1978 Squire Seafair Trophy
Muncey ‘Smokes’ To 49th Win
From all the smoke in the championship heat, it could have been the Battle of Britain. But it was just another one-sided hydroplane war and the 49th "thanks-for-the-trophy" day for Bill Muncey.
The smoke was from oil seeping into the turbocharger of The Squire Shop’s U-65. The blue-gray smoke was so thick that drivers had trouble seeing buoys and other boats, let alone the checkered flag.
So just to make sure he had things clinched in all the smoke, Muncey ran two extra laps, taking the checkered flag through the haze three times. Then he ran out of fuel and had to be towed to the pits, smiling and bowing to the crowd.
There was reason for Muncey’s caution. In heat 1A, he was penalized by Bill Newton, chief referee, for cutting from lane six to lane four between the exit buoy and the starting line. Muncey disputed the decision, calling it "chippy" because all his maneuvering had been behind other boats, not in front of them.

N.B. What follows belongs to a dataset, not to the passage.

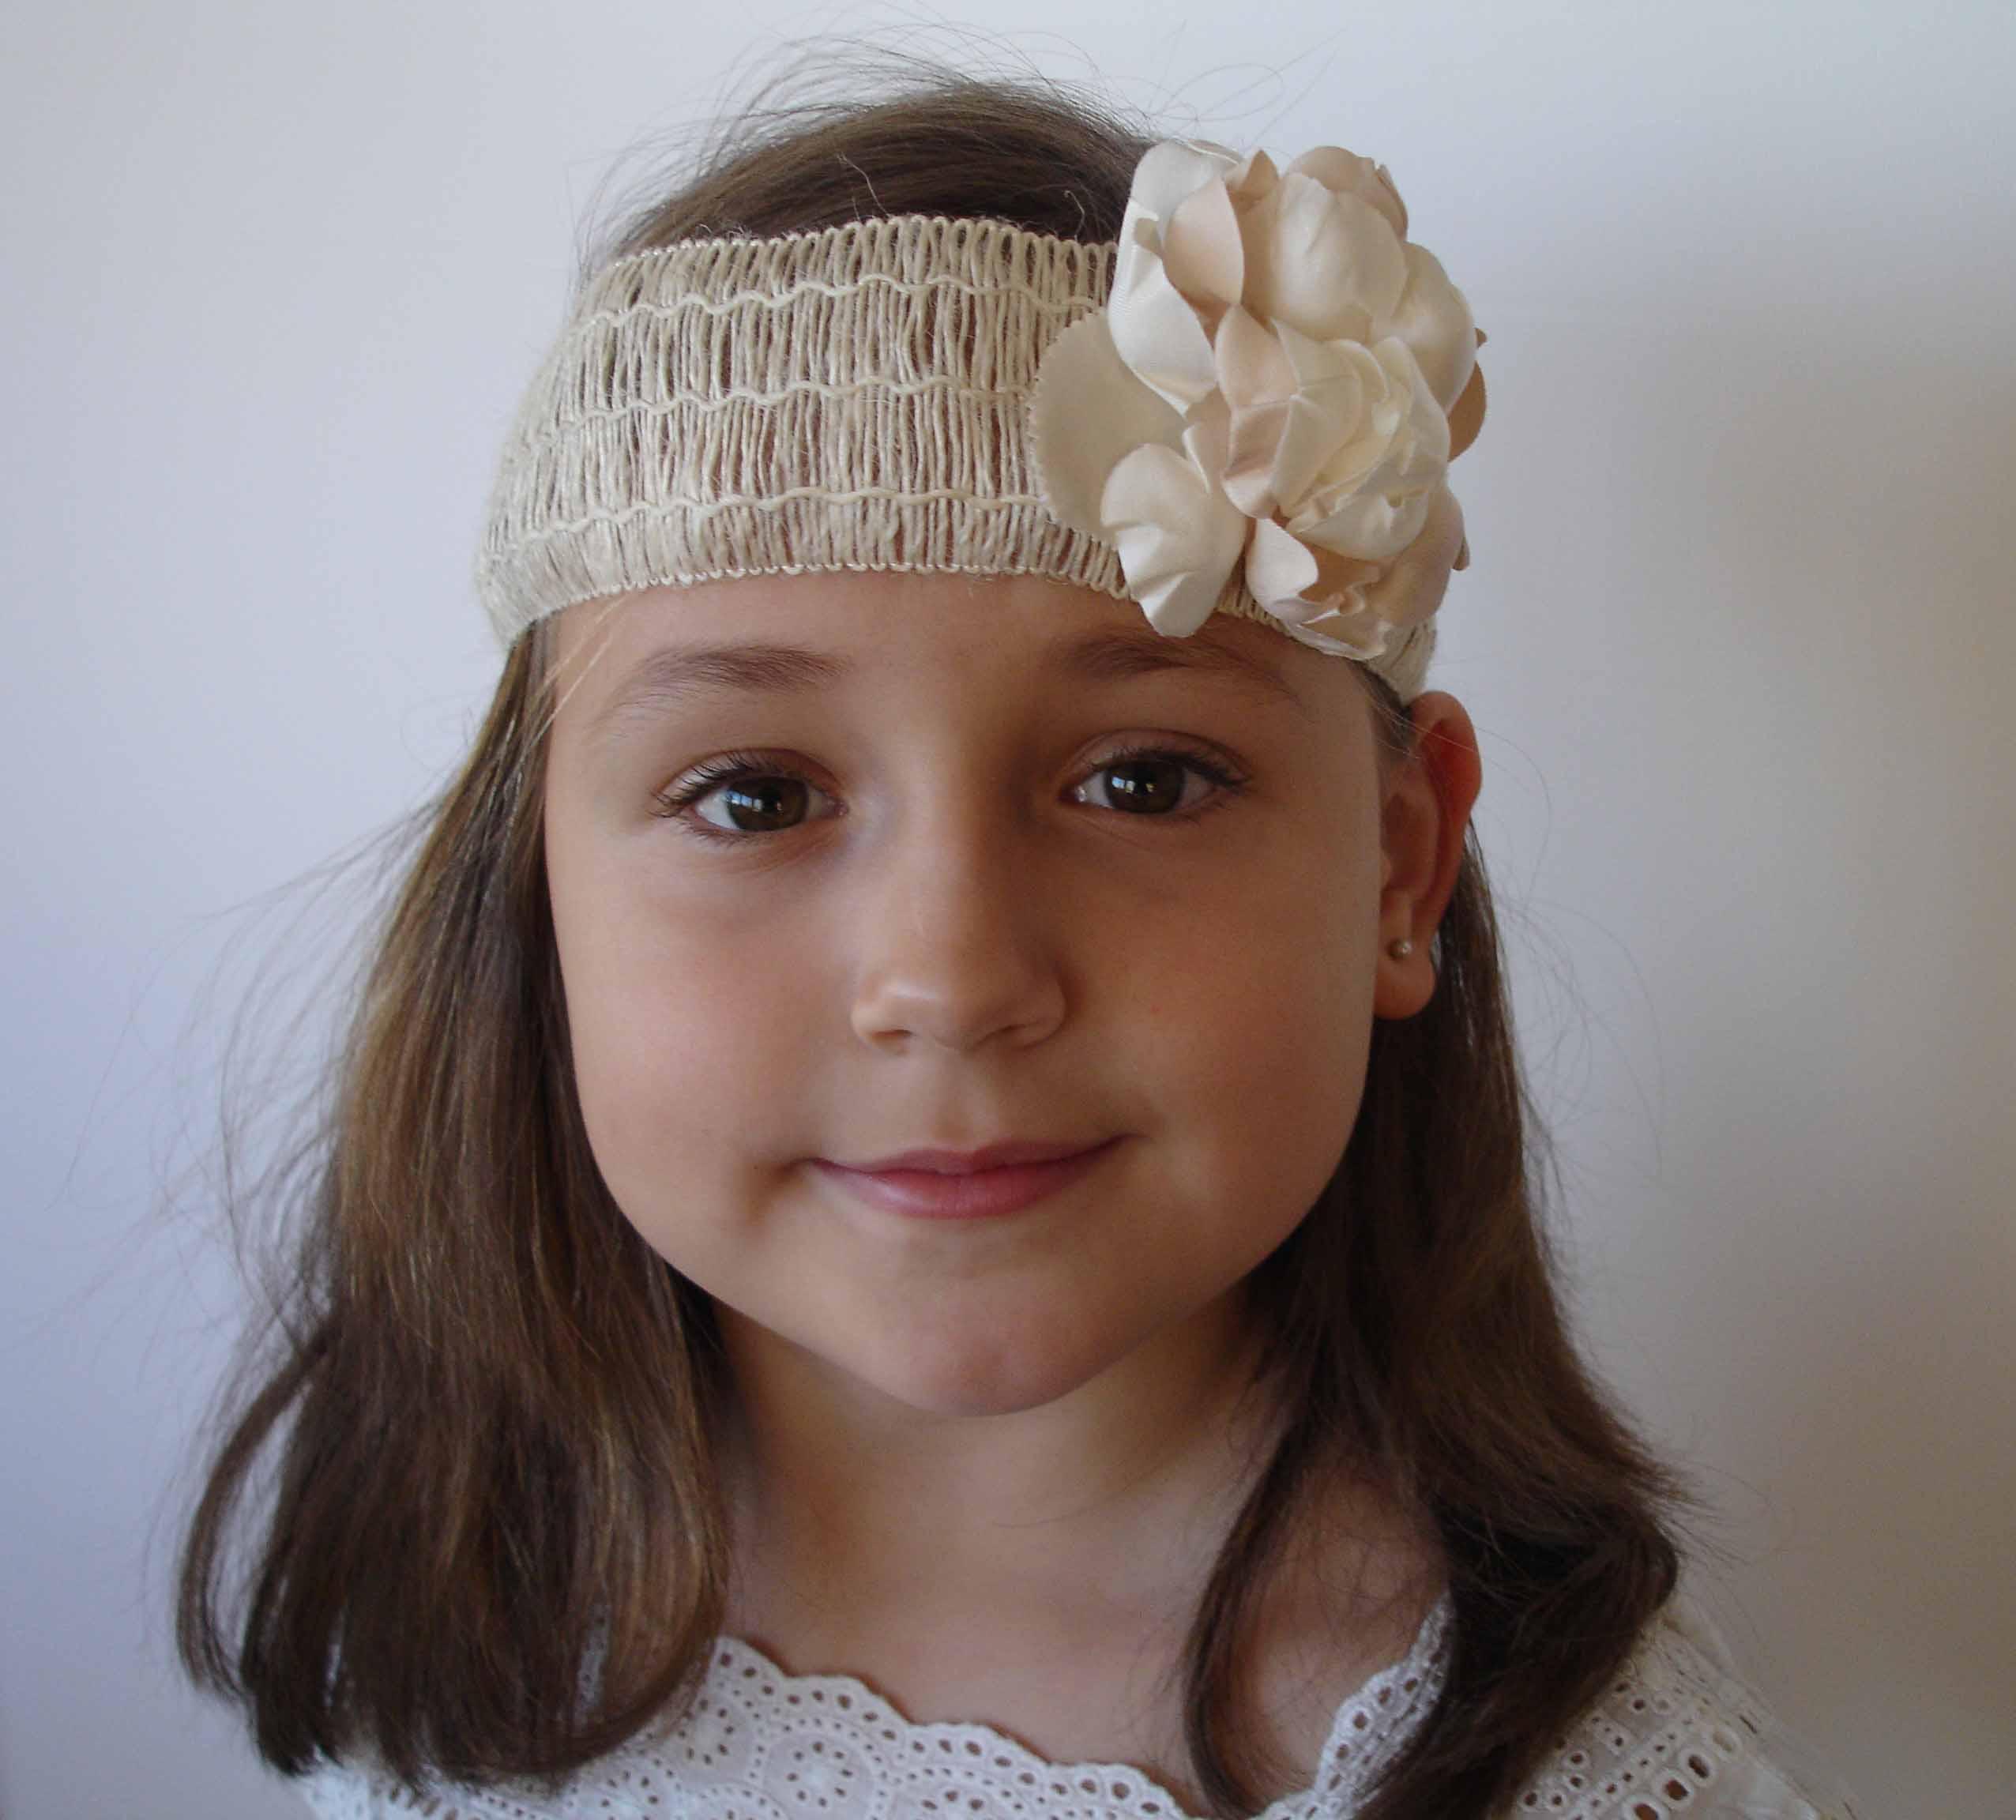 turbante rafia y flor Valeria 6

Muncey accomplished the following things in yesterday’s Seafair race: 1) Matched his number of victories with his age — 49; 2) won his sixth driver’s title (secured when he won Heat 2A); 3) clinched his first national title as an owner (again in Heat 2A); 4) won his seventh race in more than 20 years of racing on Lake Washington and his second in a row on the course; 5) notched his fifth victory this year in six races.

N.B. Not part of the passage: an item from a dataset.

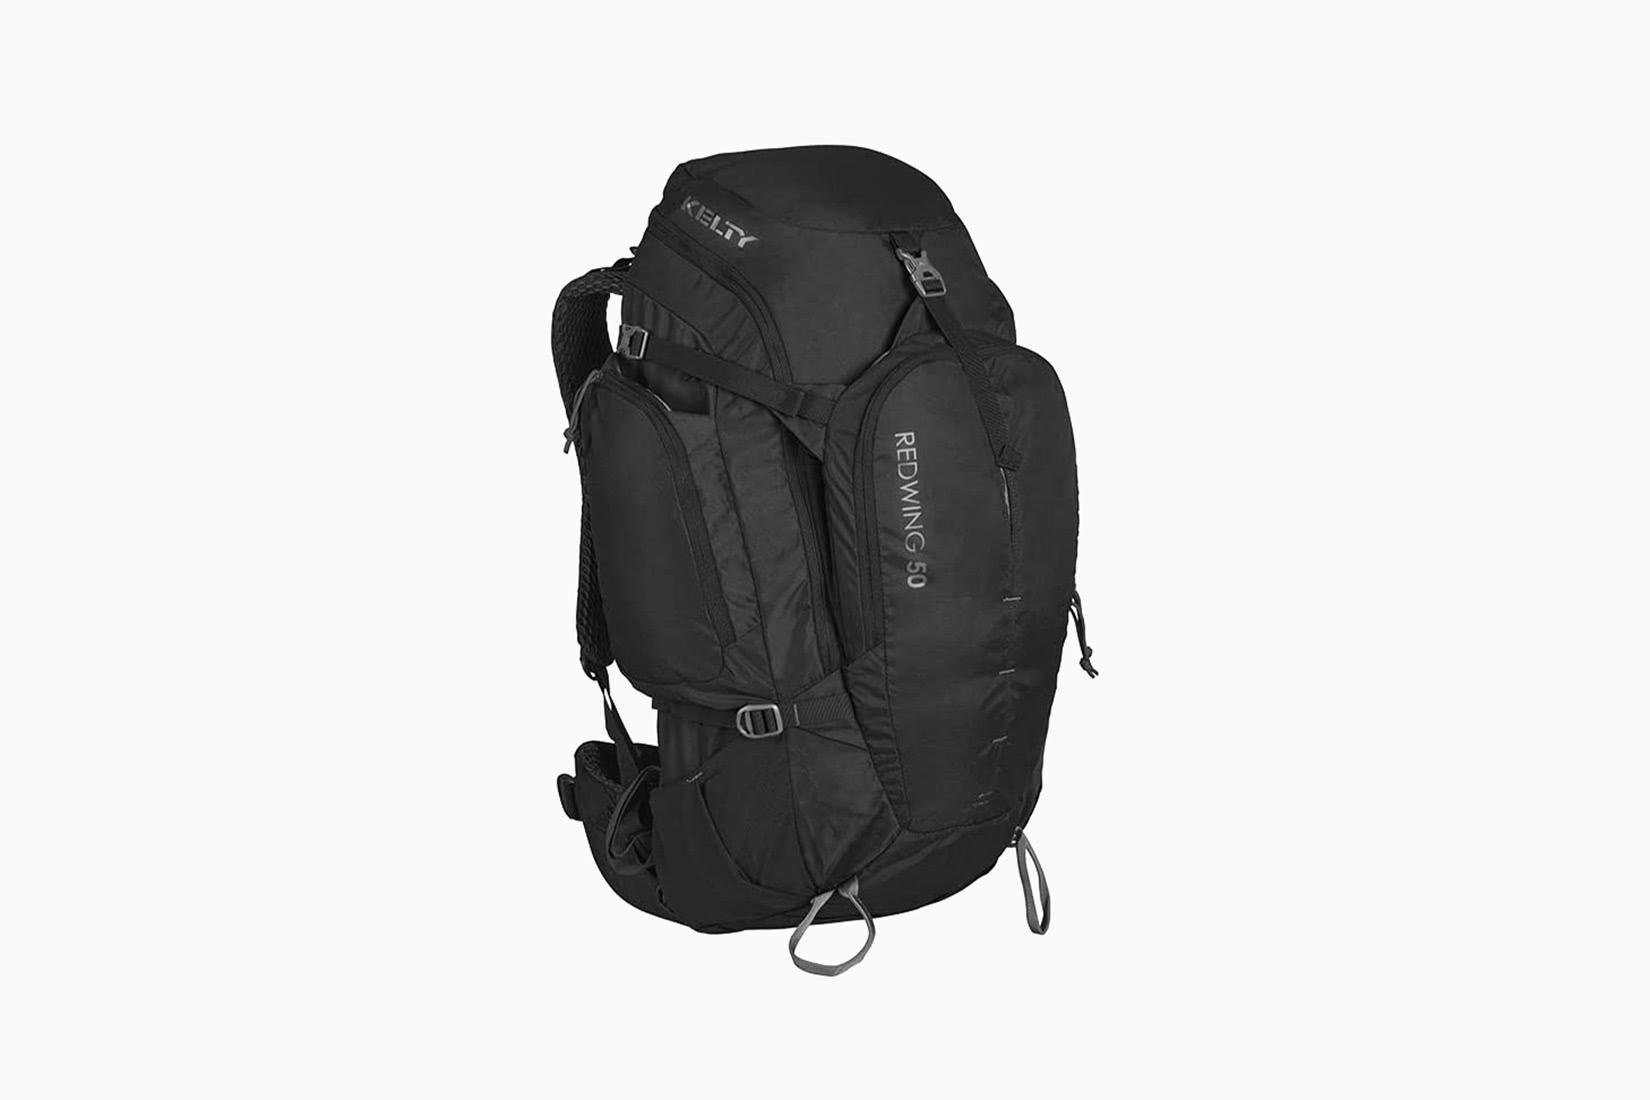 best travel backpack kelty redwing 50 - Luxe Digital

Second place went to Miss Budweiser, driven by Ron Snyder. The beer boat crossed the finish line 36.6 seconds behind Muncey in the 12-mile championship heat in which a boat’s finish determines its overall placement.

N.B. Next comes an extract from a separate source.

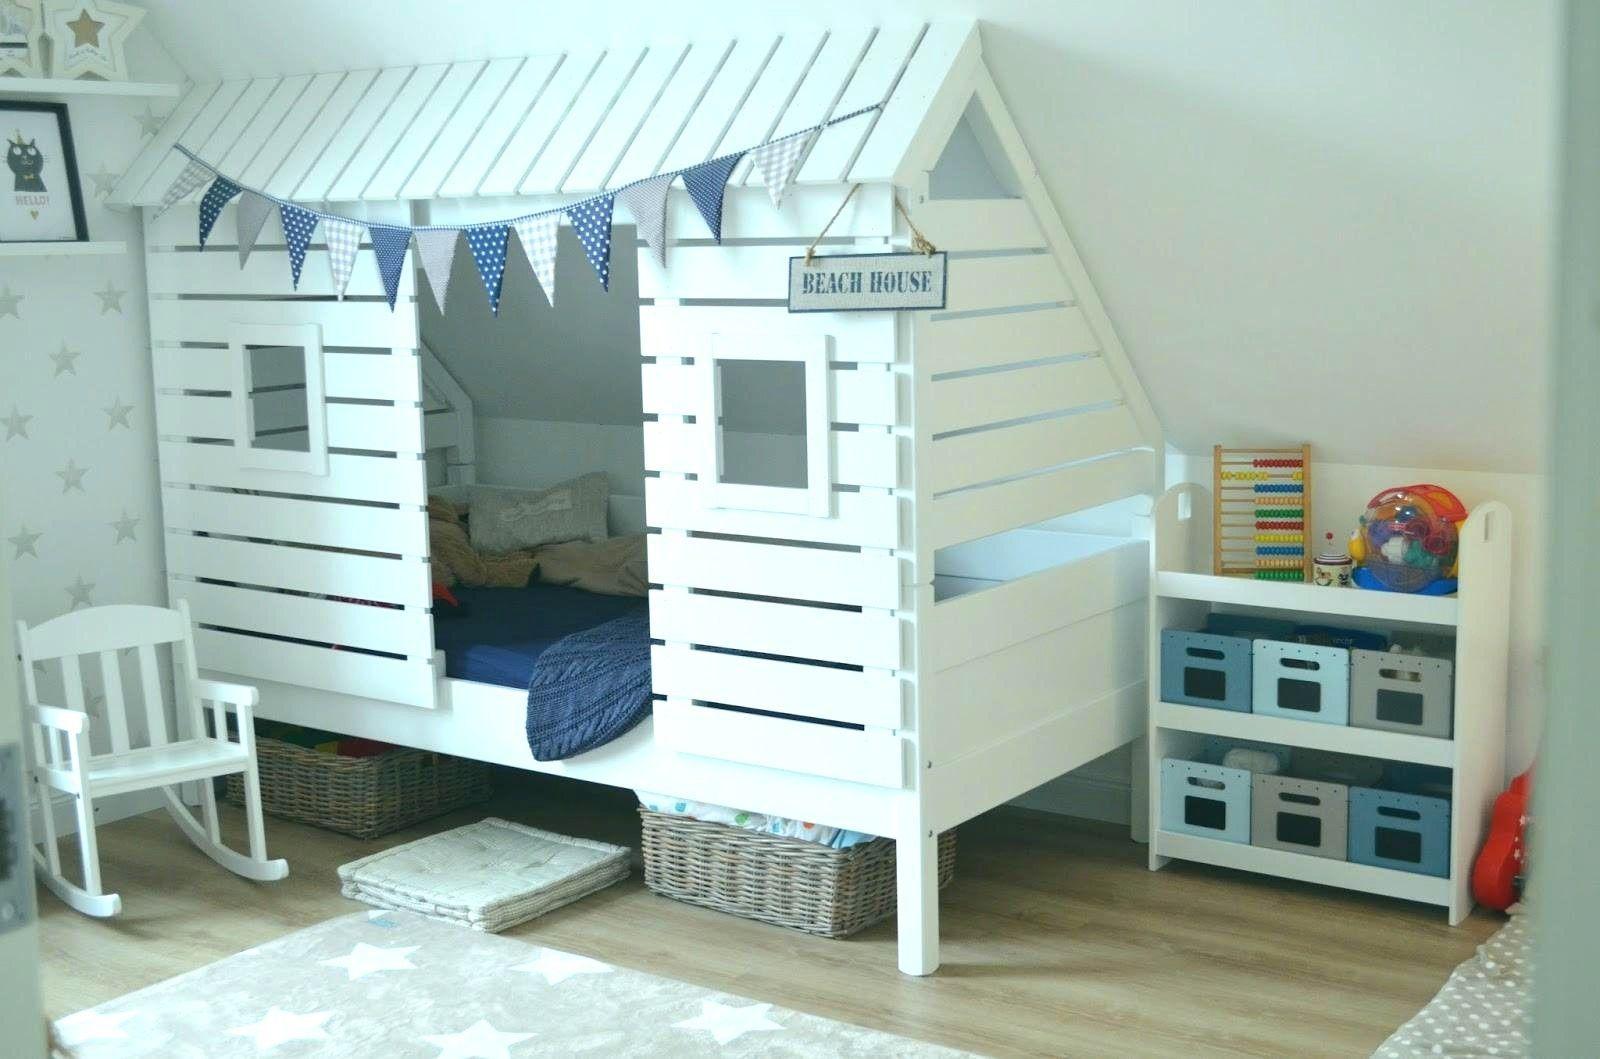 Kinderzimmer Junge 6 Jahre In 2020 Boy Room Childrens Room Boys Small Kids Room

The Budweiser’s Australian cousin, Miss Bud, was third with Bob Saniga driving. Miss Madison, driven by Milner Irvin, was slowed by lack of a proper propeller and finished fourth. Barney Armstrong’s Machine, driven by Chuck King, was a distant fifth.
The Squire Shop’s U-65, which was responsible for the smoke, finally came to a halt after five laps in the championship heat.
"I think we could have run him a little harder if there had been a 2½-mile course with longer straightaways," said Snyder. "Muncey’s just got such a super machine. He takes the corners so well that one little mess-up on my part and there’s no catchup."
Snyder said Muncey got away from him when the Budweiser had to swing through the Atlas’ roostertail coming out of the first turn.
Throughout the day, there was little deck-to-deck racing, but fortunately, no injuries. A collision occurred in the first heat between Dr. Toyota, driven by Tom Martin, and Tempus, driven by Chuck Hickling. The boats bumped in the first turn, but both completed the heat. Dr. Toyota sank next to the pier after returning to the pits and didn’t race again.
Martin said, "I was in the turn when he got me in the left rear. I didn’t notice any difference in the way the boat was riding, so I hung in there and hoped for not too much damage. I’d call it an accident."
Hickling termed the bump "just one of those unfortunate things. I was in a pile of water (a roostertail). You have to get out of the water to see the turn. Water was coming so long I figured I wasn’t in the turn yet. I didn’t know where I was. I don’t think the gentleman in the next boat saw me."
Irvin, the Madison driver, said "there ought to be a rule" about smoking boats. "I couldn’t see the buoys," he said. "Maybe we can make the guy stop when something like that happens."
Bernie Little, Budweiser owner, said the Unlimited Hydroplane Commission is likely to consider the matter at its September meeting before the final race of the season on Mission Bay.
Muncey, who lives in a San Diego suburb, never has won at San Diego.
"I can’t win there," Muncey said, adding with a smile, "I’ve tried to cheat there and still can’t win."
Miss Budweiser had yesterday’s highest point total going into the final heat as it breezed to victories in its two preliminary heats. Barney Armstrong’s Machine won Heat 1A because Muncey had to run the extra lap. Muncey came back to win Heat 2A. Muncey’s victory in the championship heat was worth more than $8,000 of the $22,500 purse.